I wrote this article summary for THETA, the quarterly journal of the Psychical Research Foundation in Durham. Noyes’ work is part of a growing literature about people who have nearly died.


Russell Noyes, Jr. The Experience of Dying. Psychiatry. Vol. 35. May, 1972. 174-184.

Russell Noyes, Jr. Dying and Mystical Consciousness. Journal of Thanatology. Vol. 1. January-February 1971. 25-41.

Russell Noyes, Jr. and Roy Kletti. The Experience of Dying from Falls. Omega. Vol. 3 1972. 45-52. (a translation of Albert von St. Gallen Heim’s study, “Remarks on a Fatal Fall,” first published 1892)

 

Although — with the possible exception of mediumistic communications — no one has returned from the dead to give an account of his experience, reports of people who have nearly died suggest that it is a profoundly transcendent experience.

These articles are an overview of accounts of mystical dying experiences from persons who, in a state of good health, were suddenly threatened with death. Victims of drownings, falls, automobile accidents, even suicides, regularly have these experiences. The only prerequisite seems to be the perception of imminent death; as long as escape is possible, energy will be devoted to survival.

The accounts are divided into successive phases: resistance, life review, and transcendence. Where even a slight possibility of survival remains, there is enhanced alertness. Physical and mental activity may be enormously increased.

But this upsurge is countered by a powerful urge to surrender — hence, a violent inner struggle. At the point of surrender, fear subsides and the event of death is faced with calm. Poe relates this to the losing of hope. In “A Descent into the Maelstrom,” a drowning sailor recounts, “having made up my mind to hope no more, I got rid of a great deal of that terror which unmanned me at first.”

The next phase, review of life, often encompasses the entire past. “Unusually vivid scenes of some or many of the events of his life flash through his mind in rapid succession. Occasionally, he will gain the impression that all his memories are laid out at once before him.” Because of this unique perspective, Noyes says, “a man’s existence becomes complete and unalterable with his death — not before it. At this moment a life, while stripped of potentialities, is rescued into the actuality of the past. In the existential sense, it is saved from being transitory. Once an actuality it remains one forever. Through the ages, death has been recognized as a climactic moment for this very reason — it represented a last opportunity to attain or defend the aim held highest. In a final judgement review the dying man, in a passionate affirmation of the transcendent meaning to his existence, thoroughly integrates it into the universal order which he embraces.”

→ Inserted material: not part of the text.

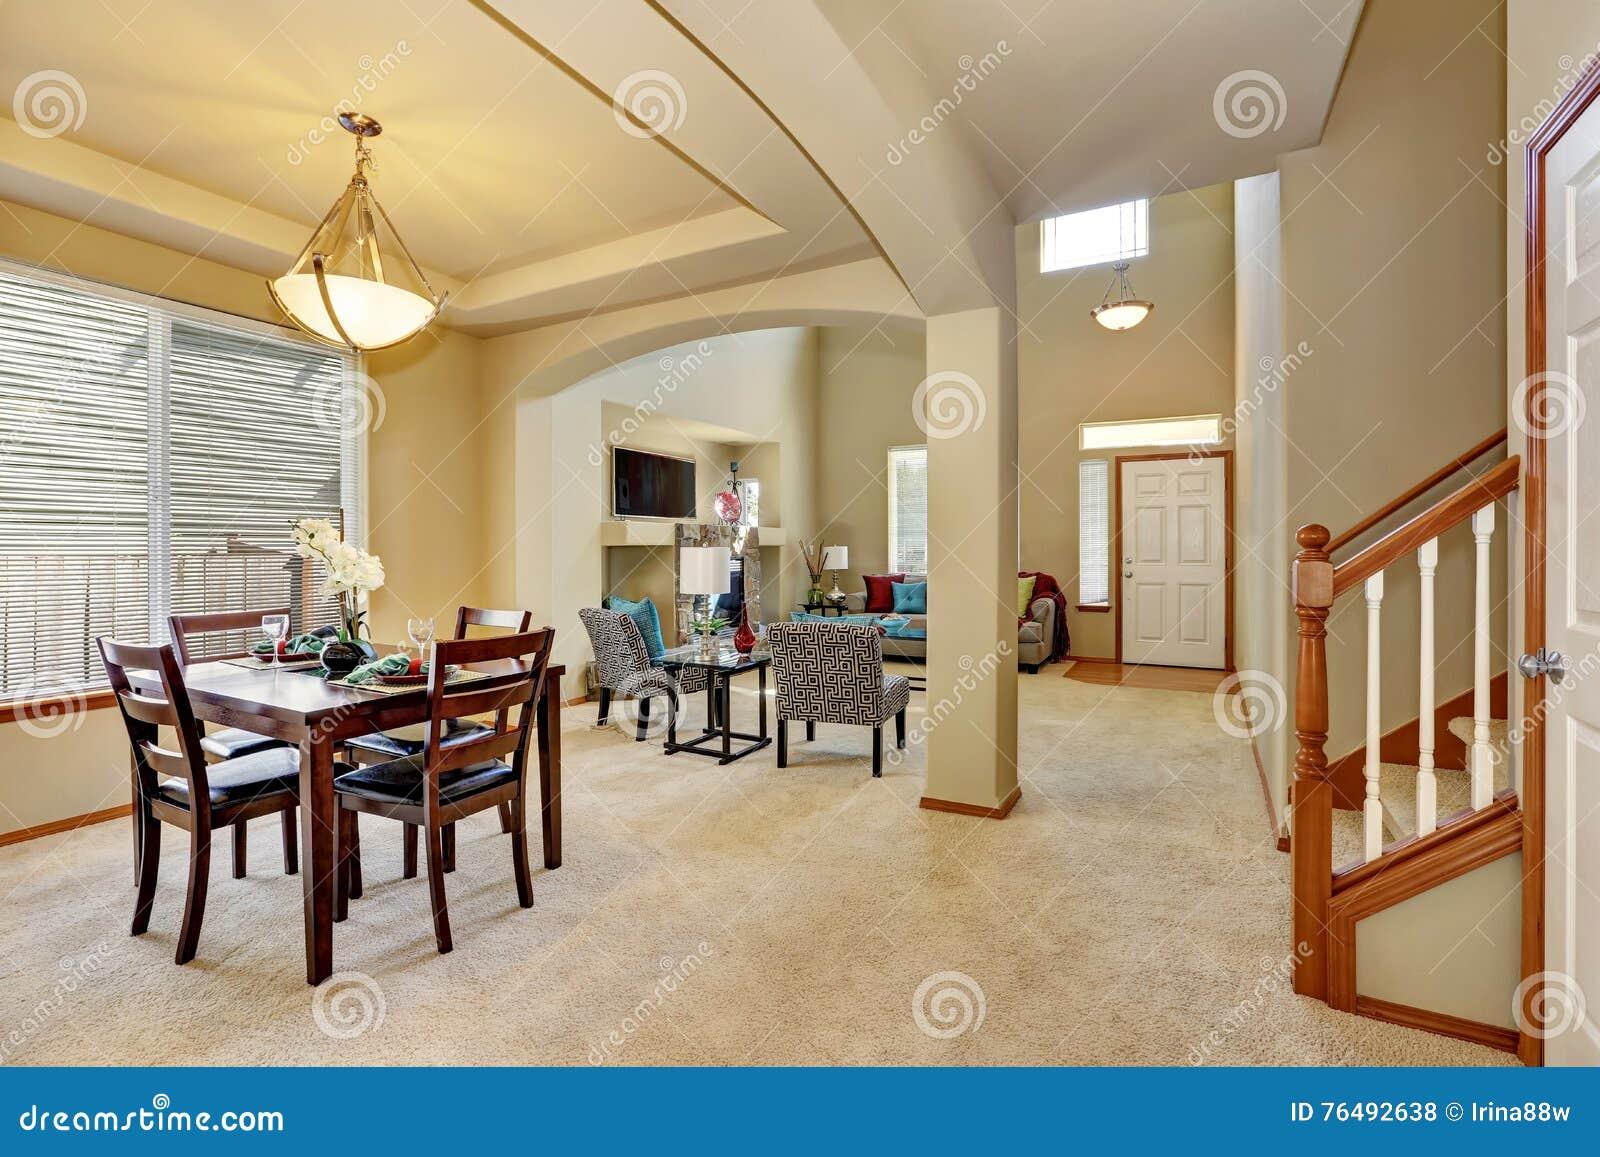 plan d 39 tage ouvert salle manger et salon avec l 39 entr e photo stock image du vivre. Black Bedroom Furniture Sets. Home Design Ideas

A typical review phenomena is the split of the self from its body representation, and fantasies of events which might follow death. The subject may view his body as near death but, being outside of it, witnesses the scene with detached interest. Albert Heim, a Zurich geology professor who collected the accounts of survivors of mountain climbing accidents — after having nearly fallen to his own death off a cliff — found that in 95 per cent of the cases “no grief was felt . . . There was no anxiety, no trace of despair, no pain; but rather calm seriousness, profound acceptance. . . . In many cases there followed a sudden review of the individual’s entire past; and finally, the person falling often heard beautiful music and fell in a superbly blue heaven containing roseate cloudlets.”

Finally, the individual moves beyond this perspective, and experiences himself in a new manner, entering a region he finds foreign. He may feel outside of time, in eternity. A related characteristic is transcendence of space and individual identity. A sense of unity with the entire universe develops.

The transcendent phase is typified by Jung’s account of how he “hung on the edge of death” after a heart attack.

“It is impossible to convey the beauty and intensity of emotion during these visions. They were the most tremendous things I have ever experienced. I can describe the experience only as the ecstasy of a nontemporal state in which present, past and future are one. Everything that happens in time had been brought together into a concrete whole.”

The author notes that the complete LSD experience is similar to the mystical dying experience, and that mystical consciousness is generally expressed in terms of death and rebirth. In fact, LSD has been administered to dying cancer patients, with the result that the overwhelming majority experienced changes in their attitude about dying — including a reduction in fear and depression, and greater tranquility.

Dying, the author finally suggests, may offer an enormous opportunity for personality growth. If, in our last hour, we are able to take a more detached and humble view of our lives, and see the futility of what we once thought to be important, we might become more tolerant and achieve a harmony never before realized.